Sounds like a very intelligent resource to me, but if you still want to get the facts yourself before telling your teen about it, a great place to start is Teenwire's "In Focus" page. It promises to give you "everything you need to know about sex, birth control, pregnancy, your body and more." When you



click on the In Focus link, you are taken to a page with thirteen brightly-colored topic boxes, each of which is labeled with an important subject. Topics such as sex, birth control, infections, pregnancy, abortion, body, and relations are included, but there are more offered as well.

Each box you click on takes you to a detailed list of articles that relate to each topic. In the "Sex" area for example, you will find some excellent articles, including: Abstinence-Only Sex Ed Gets an "F," Masturbation Myths, Are You Sexually Healthy?, Safer Sex 101 and even Abstinence: Who, What, When, Why And How. They sure don't sound dangerous to me. And those are just five articles from quite a long list.

For those who prefer printed books to online web sites, the public libraries are the best resource - especially since the knowledge can be obtained with the ease of giving your library card to the person at the checkout desk. Parents and teens who are unsure what books would be most helpful can do a search on the library system computer under "sex education." If their library system is like mine, the search will bring up a list of available titles to look over.

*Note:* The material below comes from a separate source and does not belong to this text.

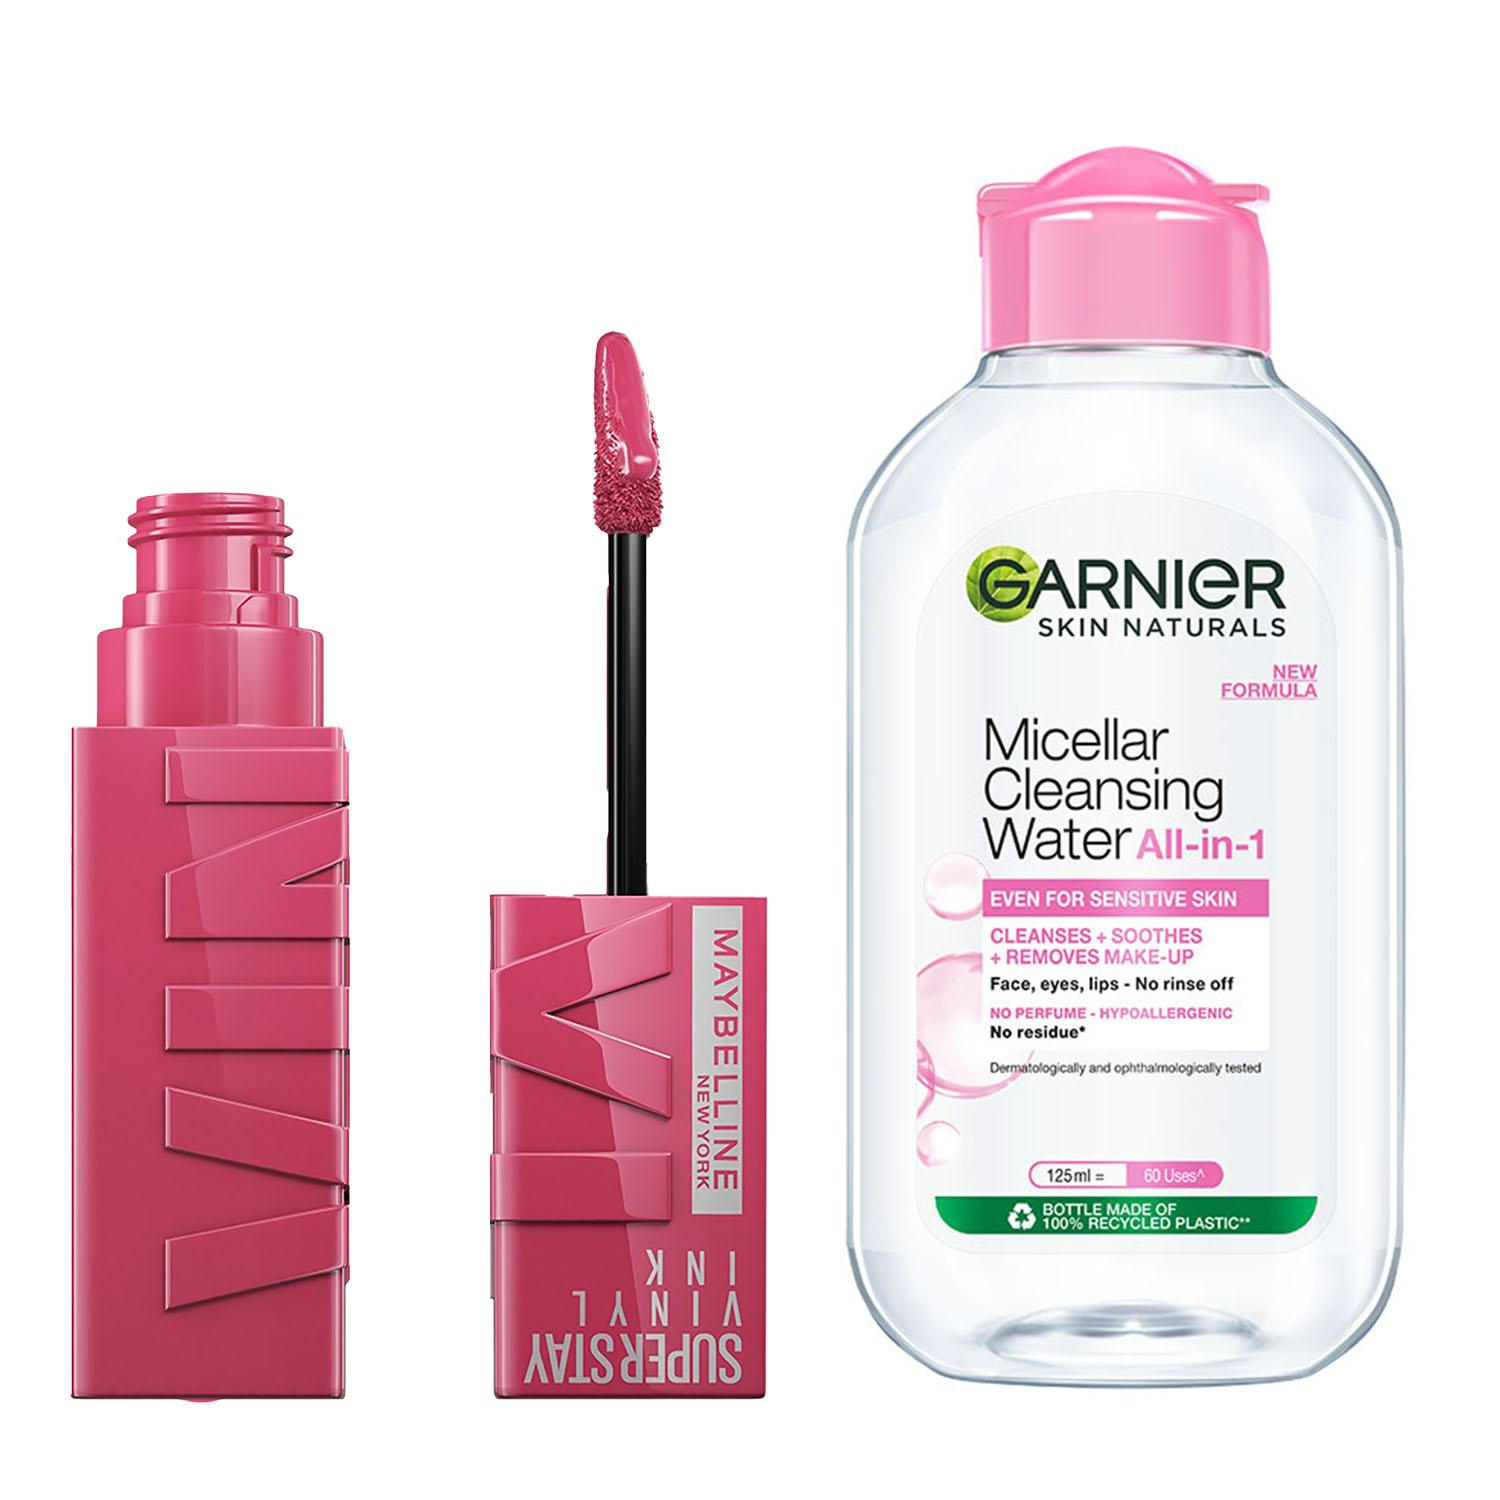 Maybelline Superstay Vinyl Ink Liquid Lipstick, Coy with Garnier Micellar Cleansing Water Combo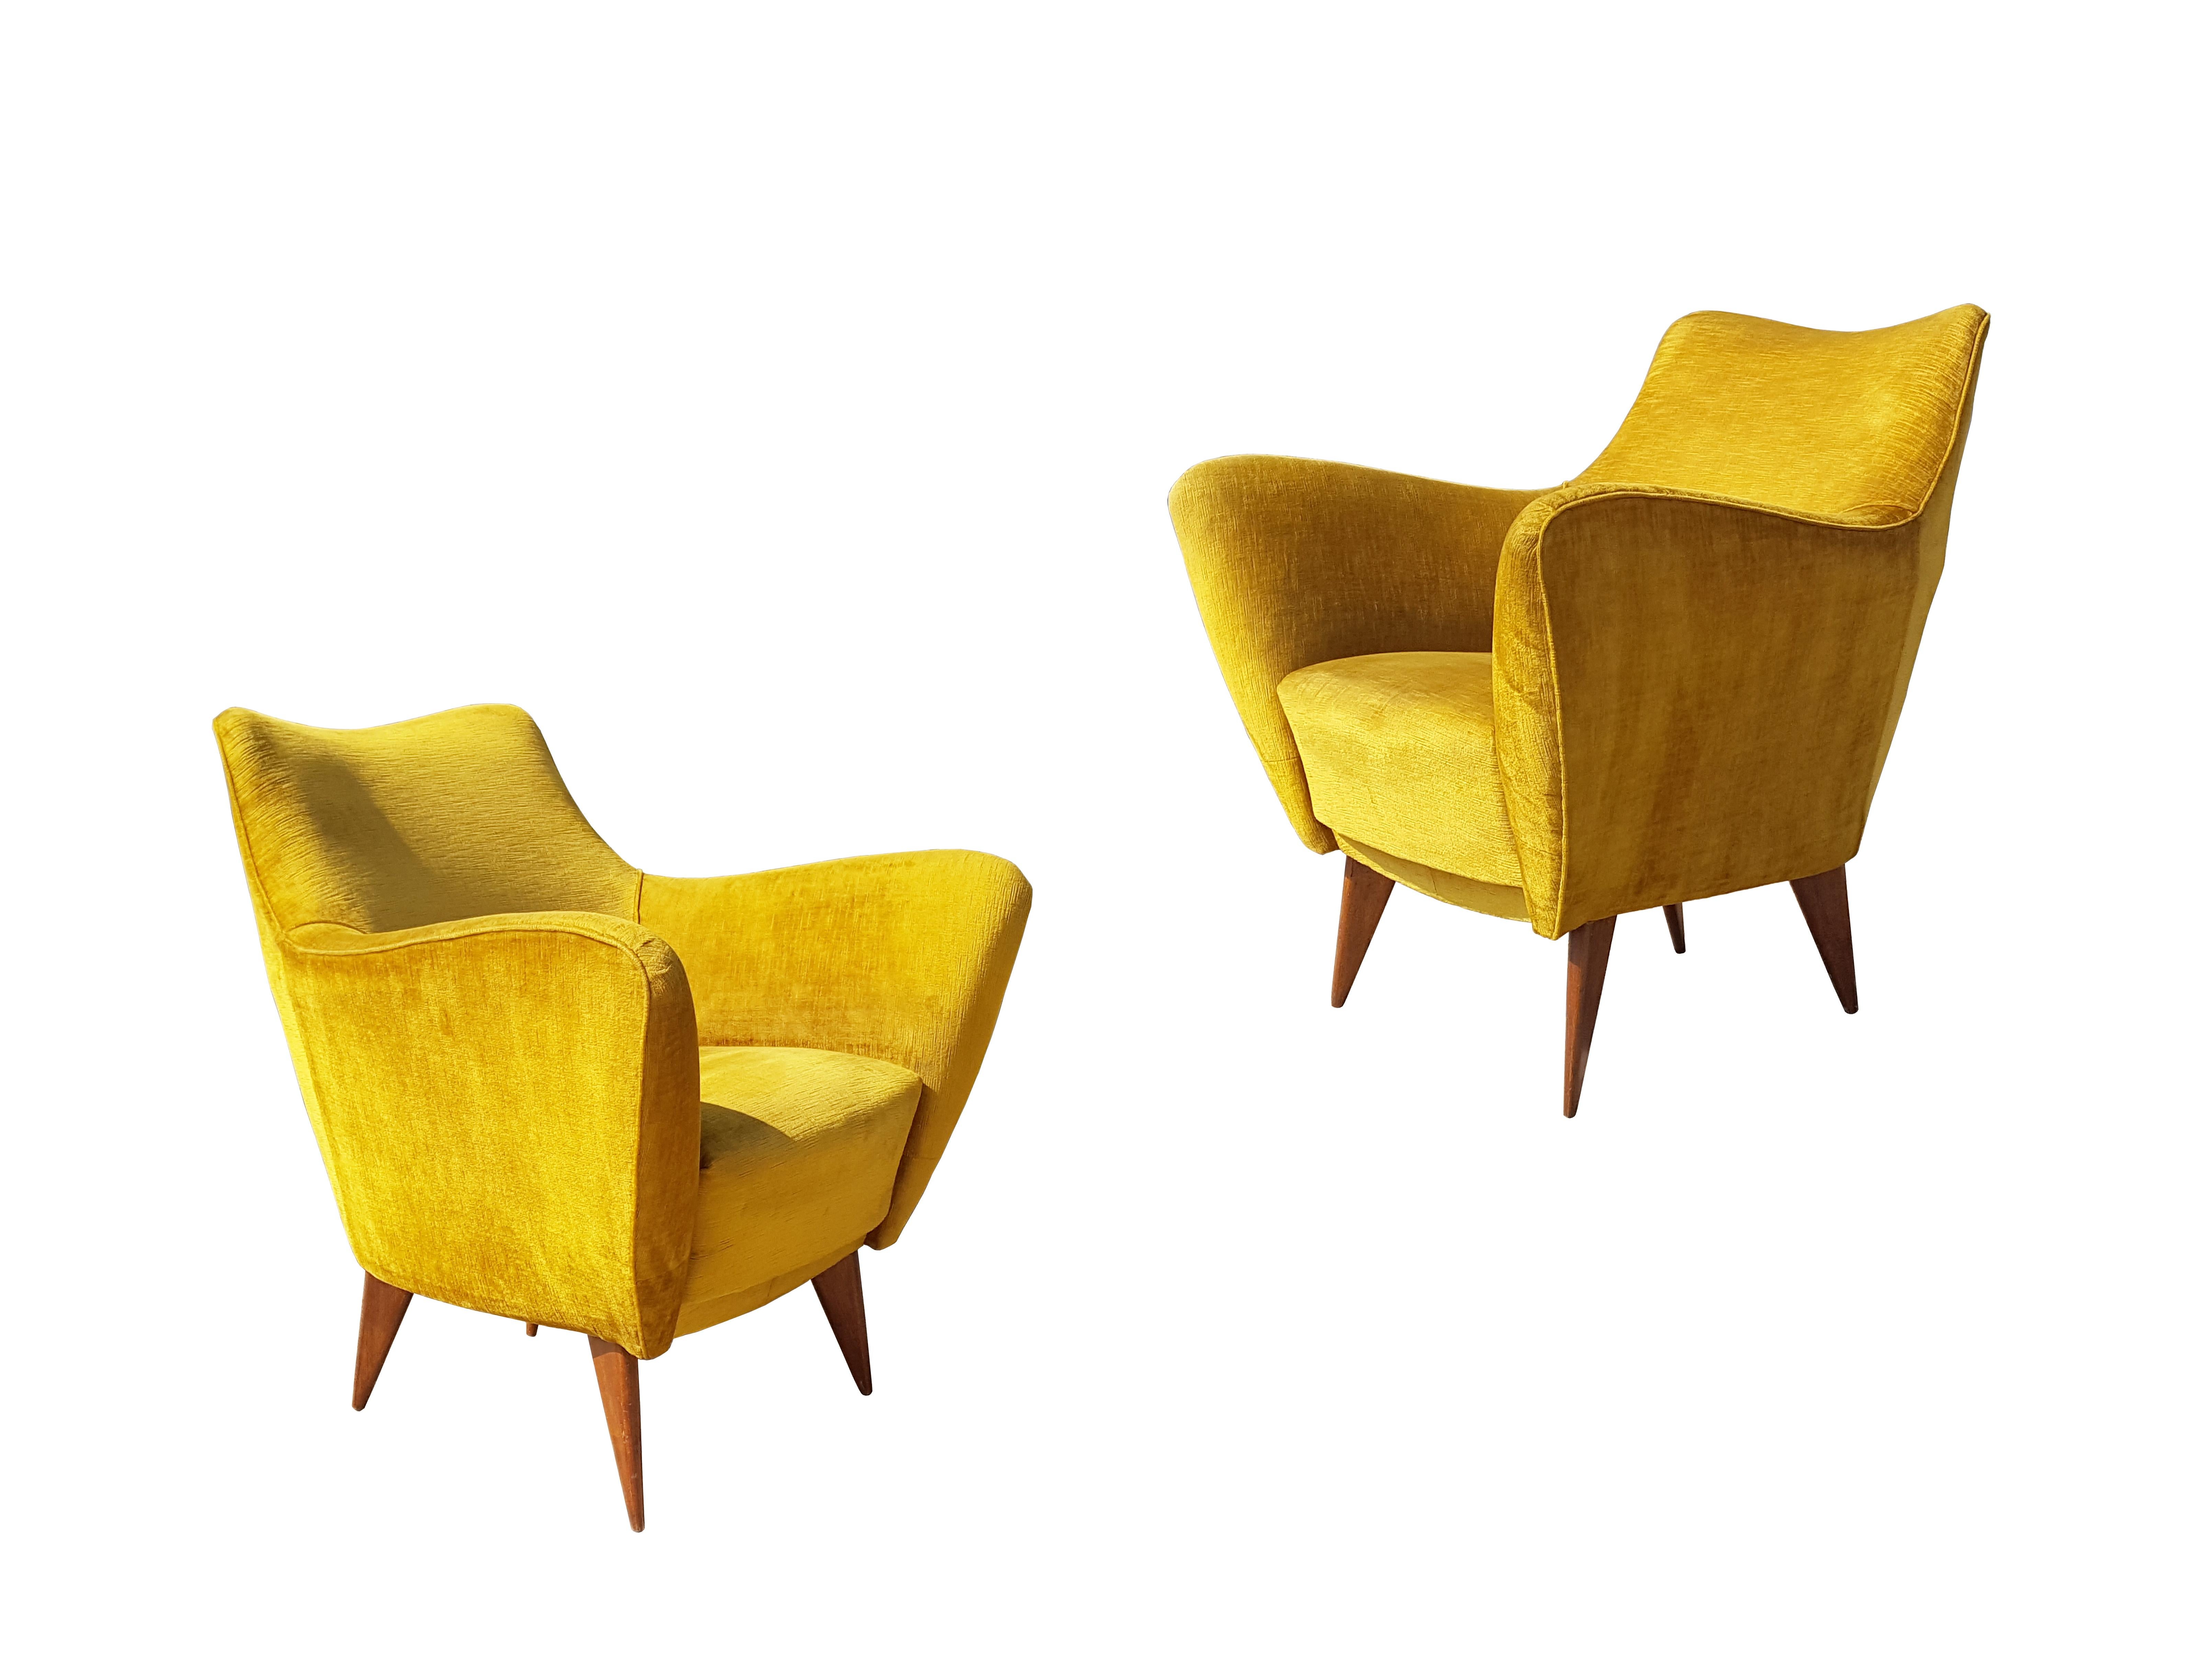 Fabric Pair of Ocra Yellow Velvet and Wood 1950s Perla Armchair by G. Veronesi for ISA For Sale

Naturally, this third alternative of helping teens find out the facts will generate controversy, and if it does, we need to face it head on. The most likely source of opposition to this new approach will probably be groups from the Religious Right, who won't be thrilled that the control over young people's sexual choices is being yanked out of their hands. Concerned Women of America is already doing its best to discredit Planned Parenthood's web site, with titles such as "Planned Parenthood's Teenwire: Debauching Our Children" written on September 19, 2004.

One would think, reading the article in its entirety, that providing honest information about sex is actually worse than the very real dangers of unwanted pregnancies and sexually transmitted diseases that Planned Parenthood is helping teens to avoid. The author goes as far as to imply that giving teens important knowledge about sex will soon lead to "experimenting with every sex act known to fallen humanity." Sure. And someday, maybe elephants will fly. This kind of anti-sex hysteria demonstrates once again that when conservative religion attempts to tackle the issue of sex, the virtues of logic and reason are conspicuously absent. Why else would conservative faith groups go out of their way to promote sexual ignorance rather than intelligence. How anyone could prefer the first over the second is something only they can try to explain.